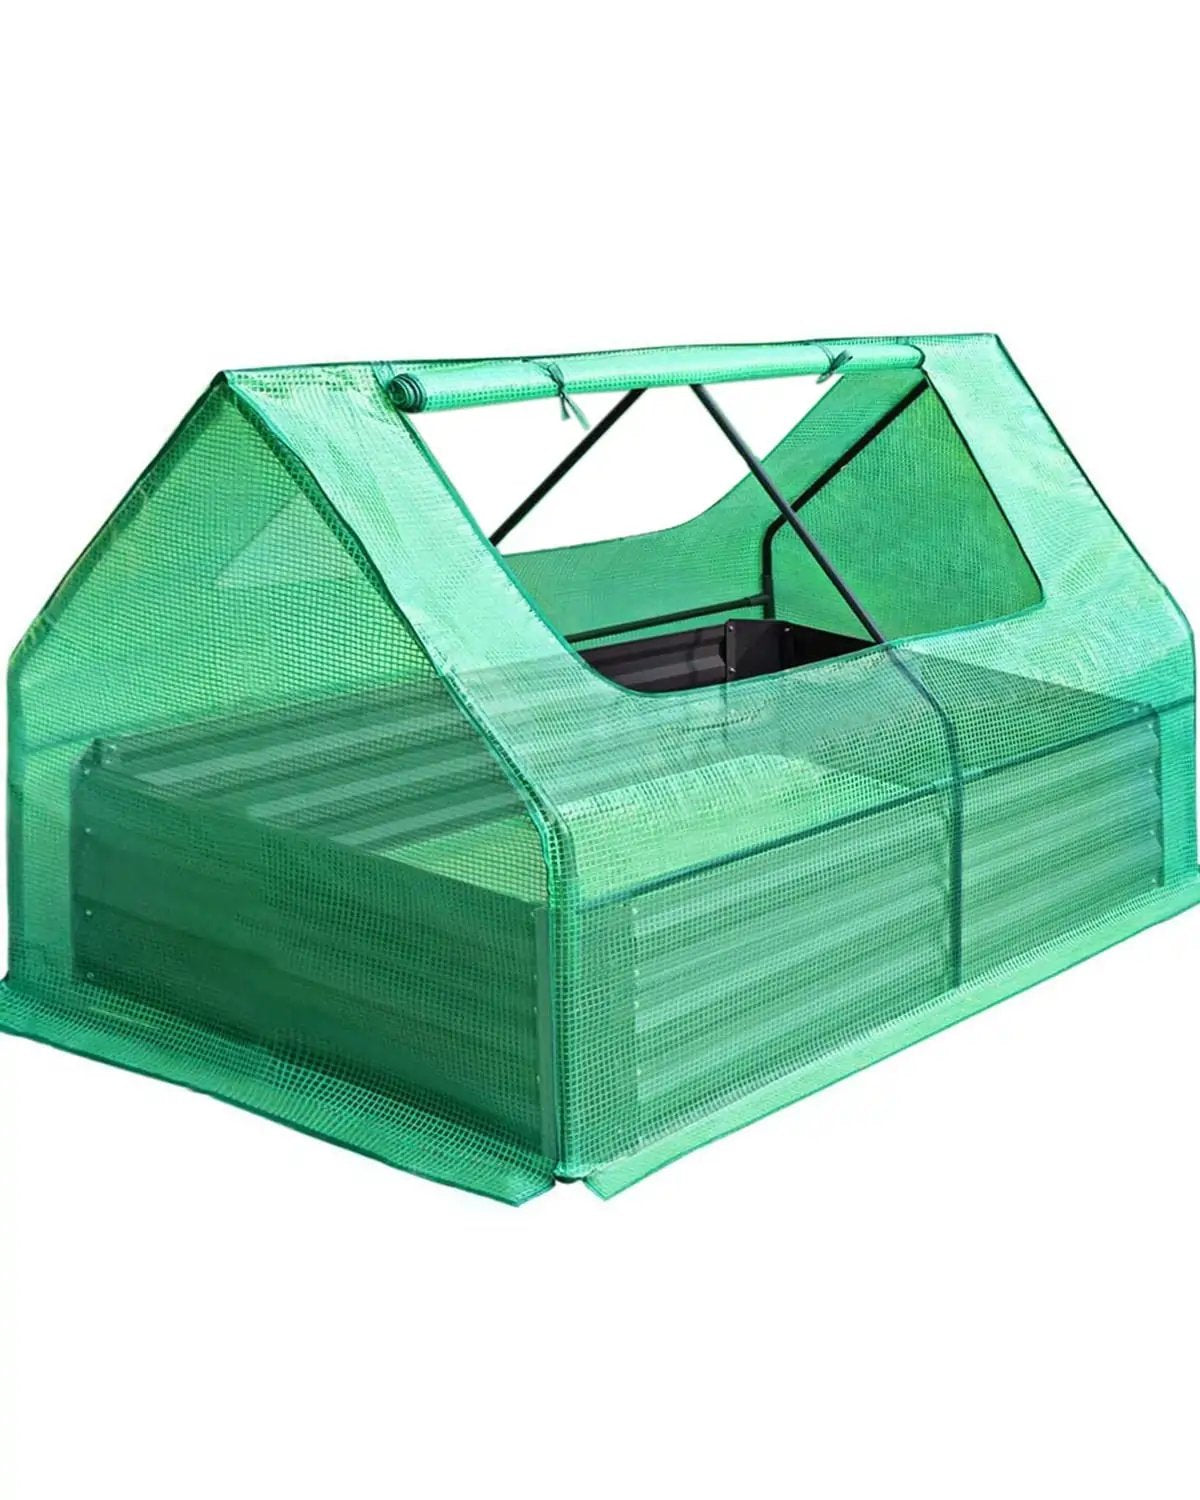  Furniture Neon Lights tent, greenhouse
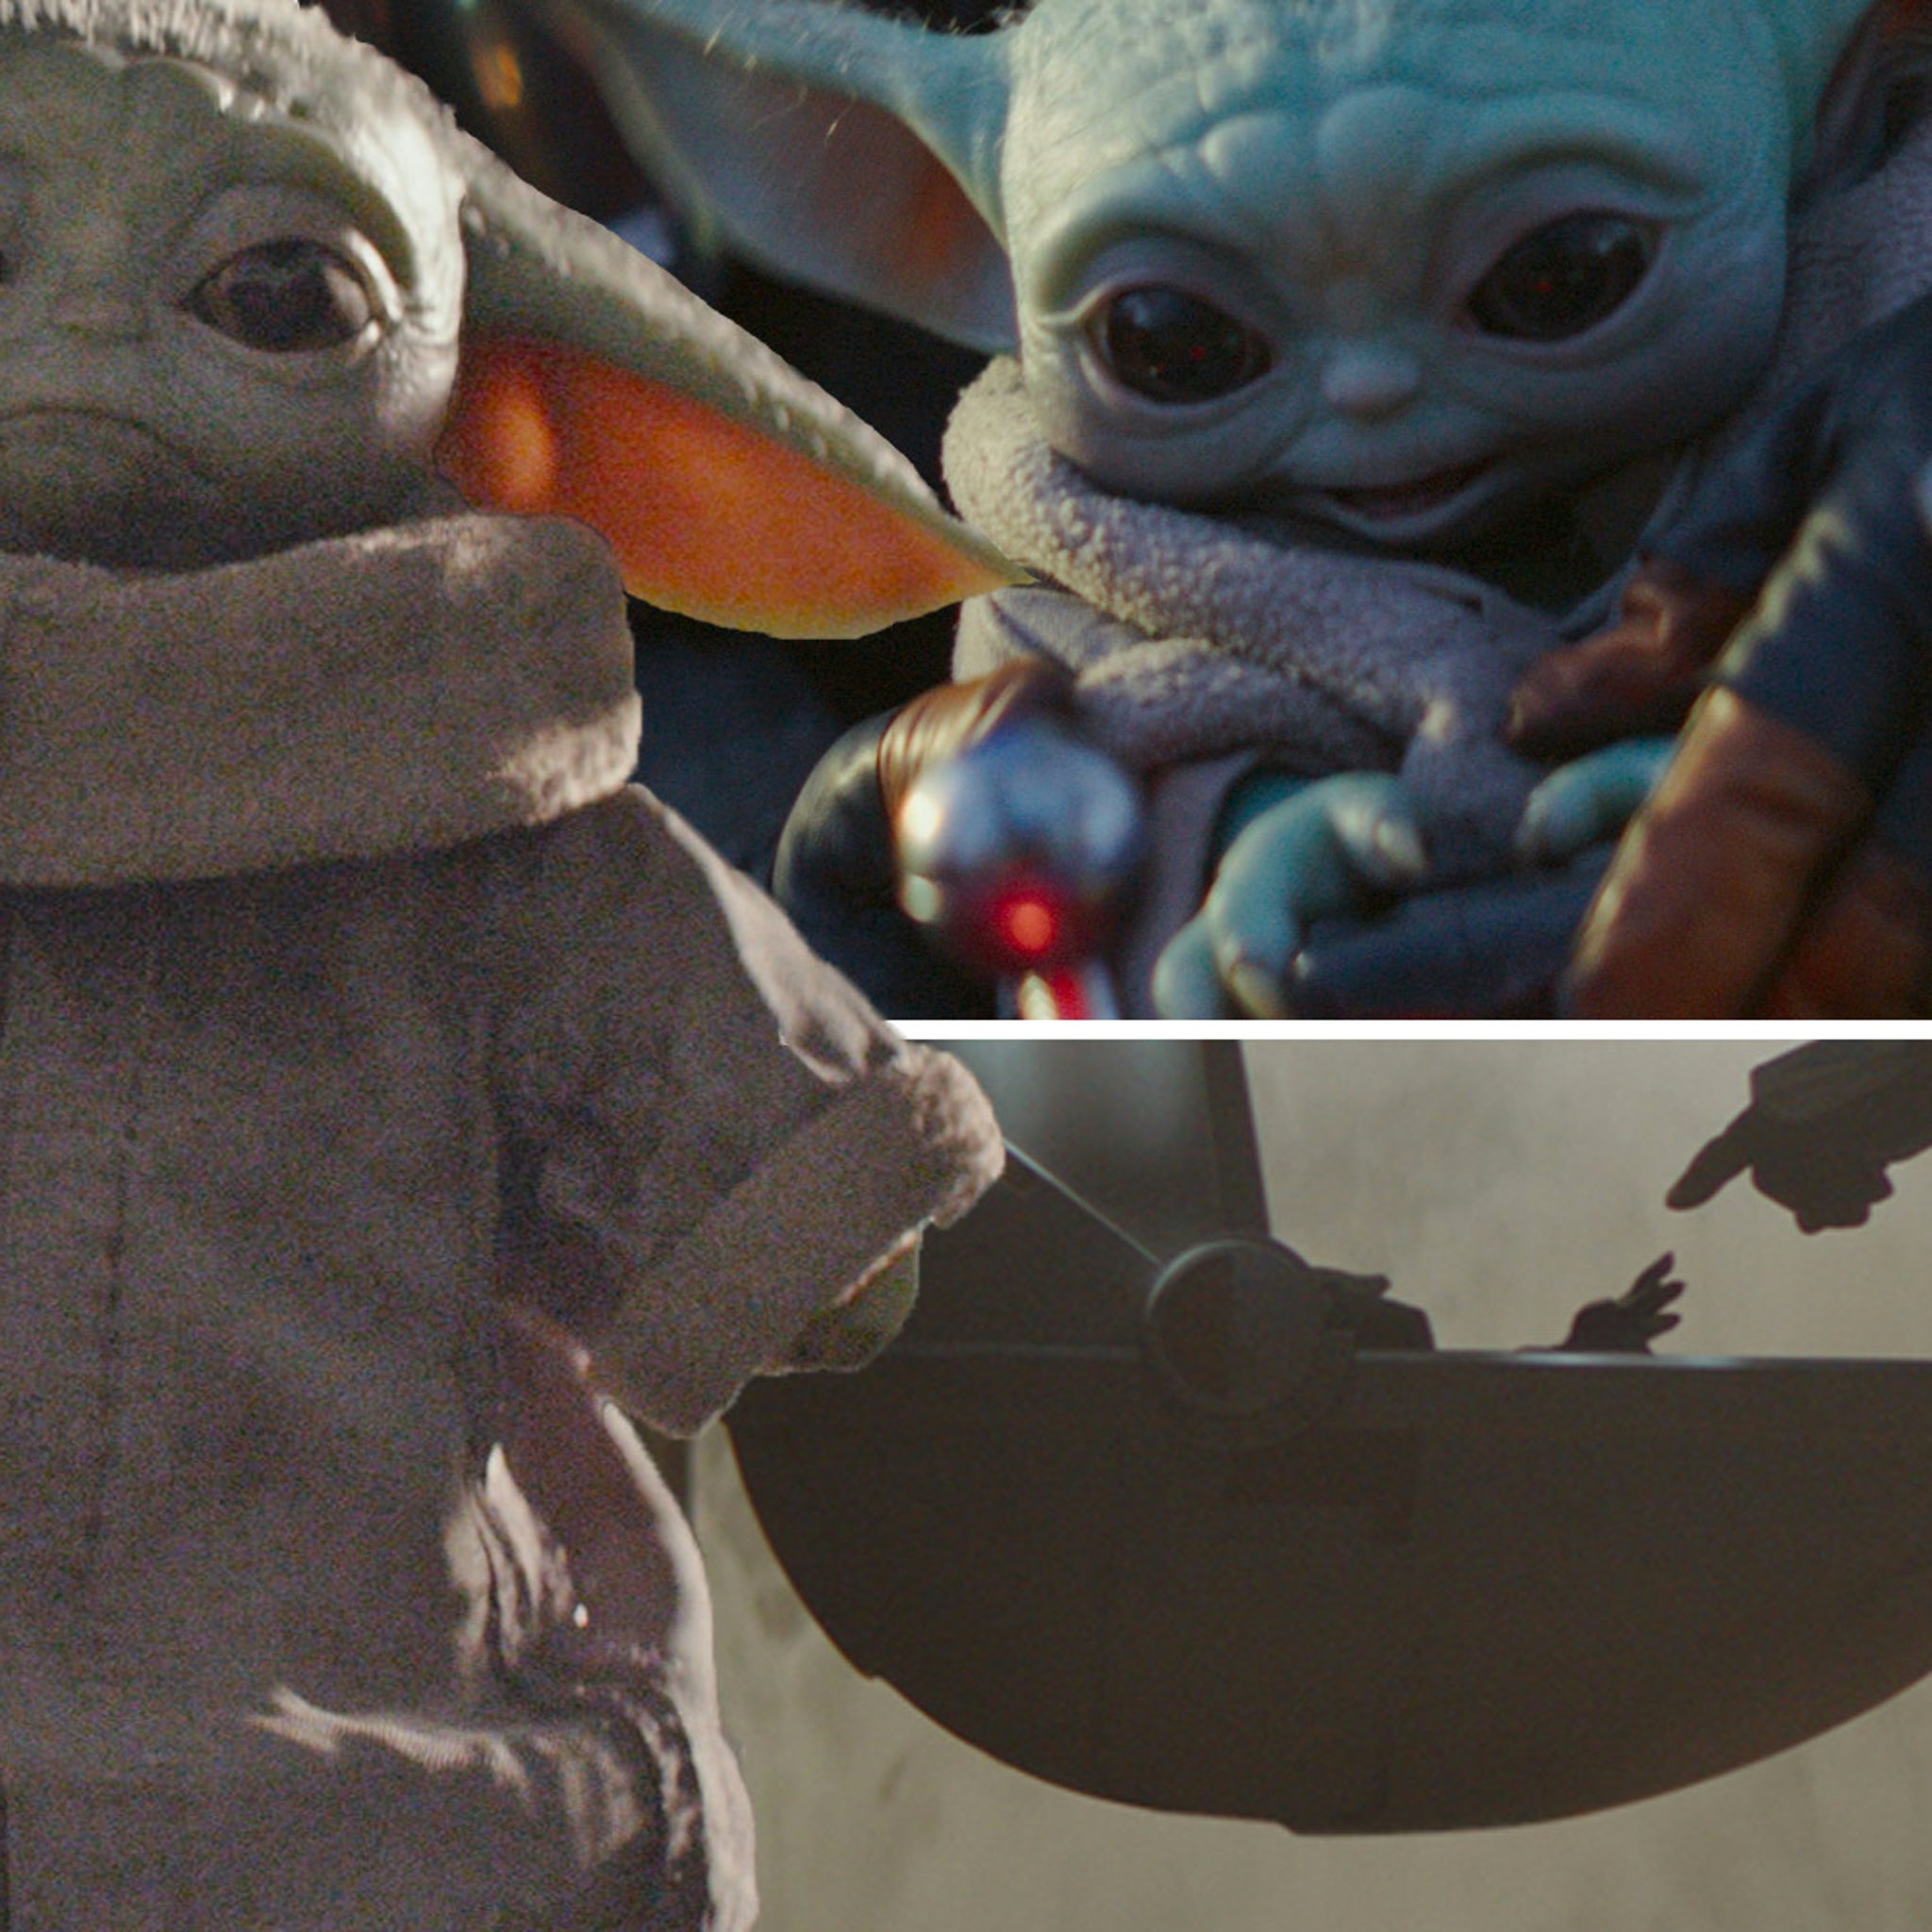 The Best Baby Yoda Memes From Disney's The Mandalorian
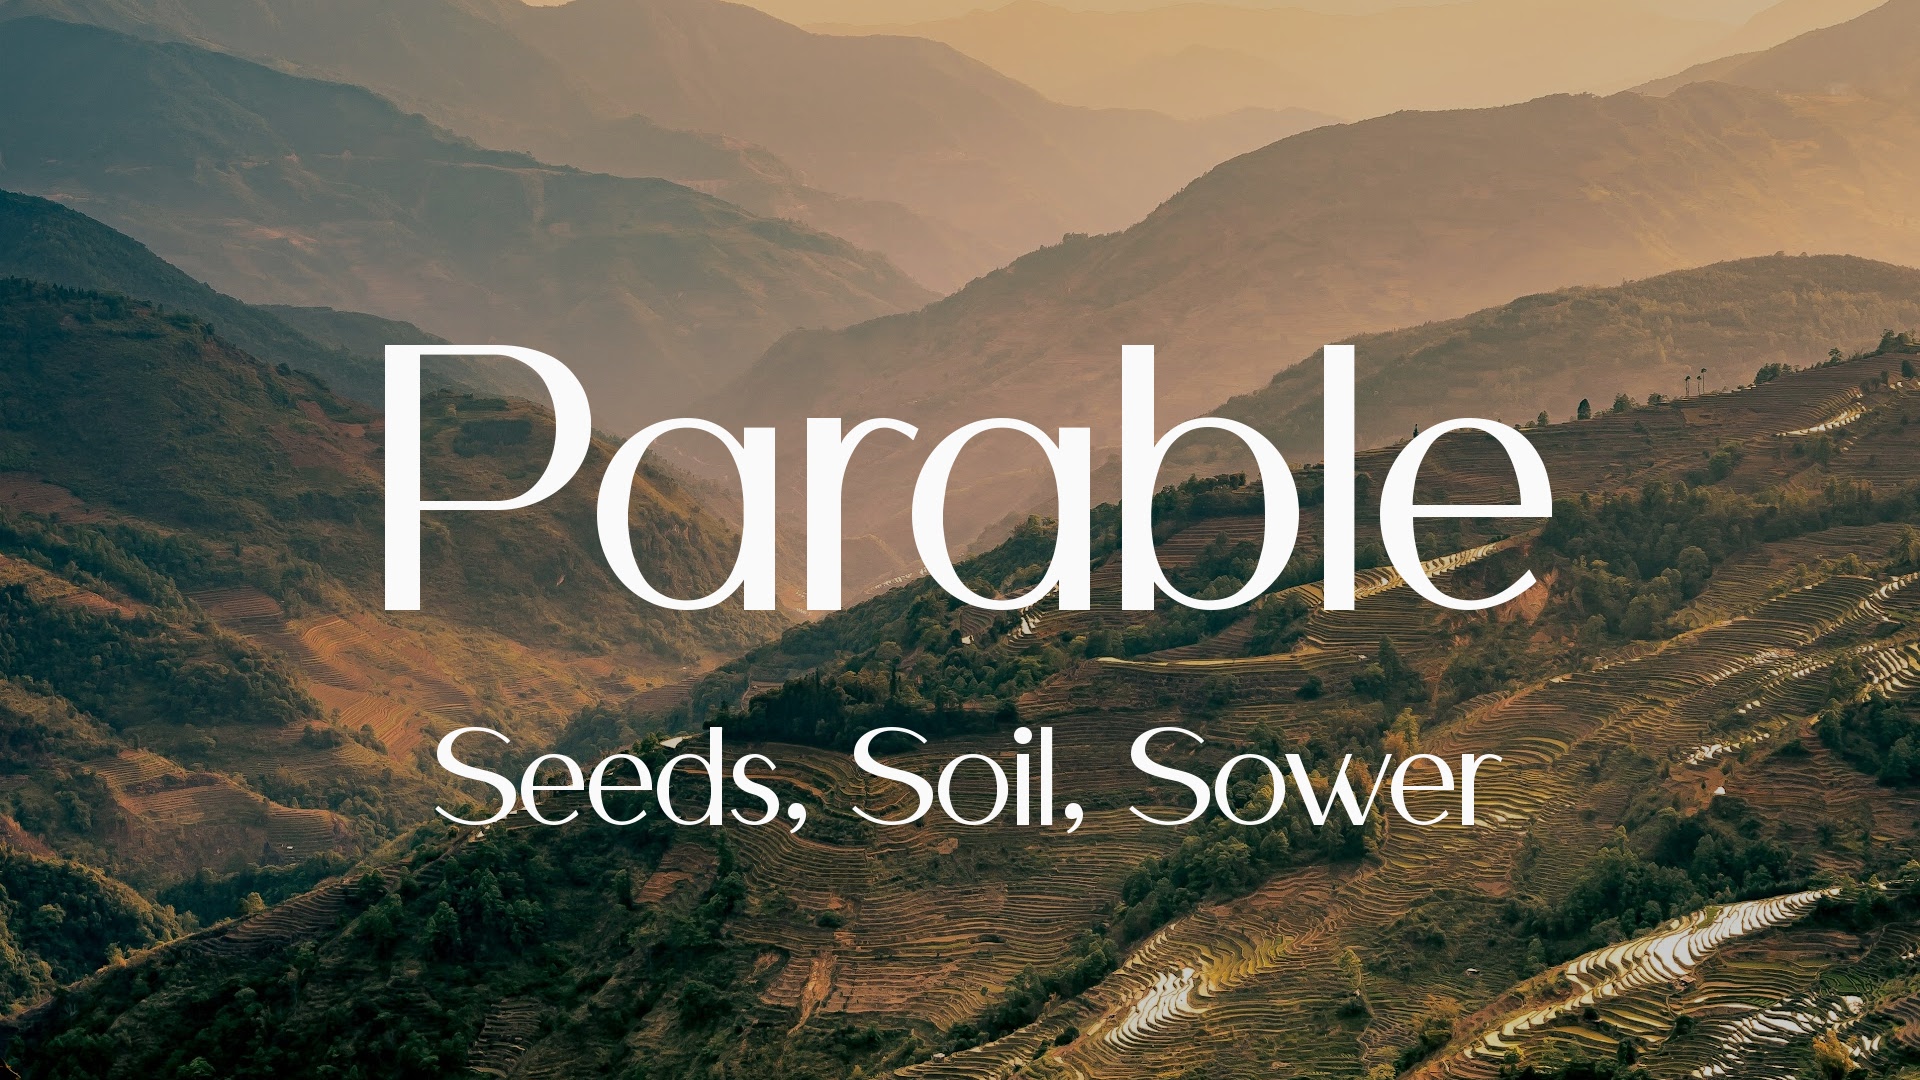 Exploring Jesus' teaching of parables.

## [WORK TO BE COMPLETED]
From the line with "The Best Baby" to the last line above, restate each line word for word, but skip the pictures.

## [RESULT FOR THIS TASK]
 The Best Baby Yoda Memes From Disney's The Mandalorian
 Exploring Jesus' teaching of parables.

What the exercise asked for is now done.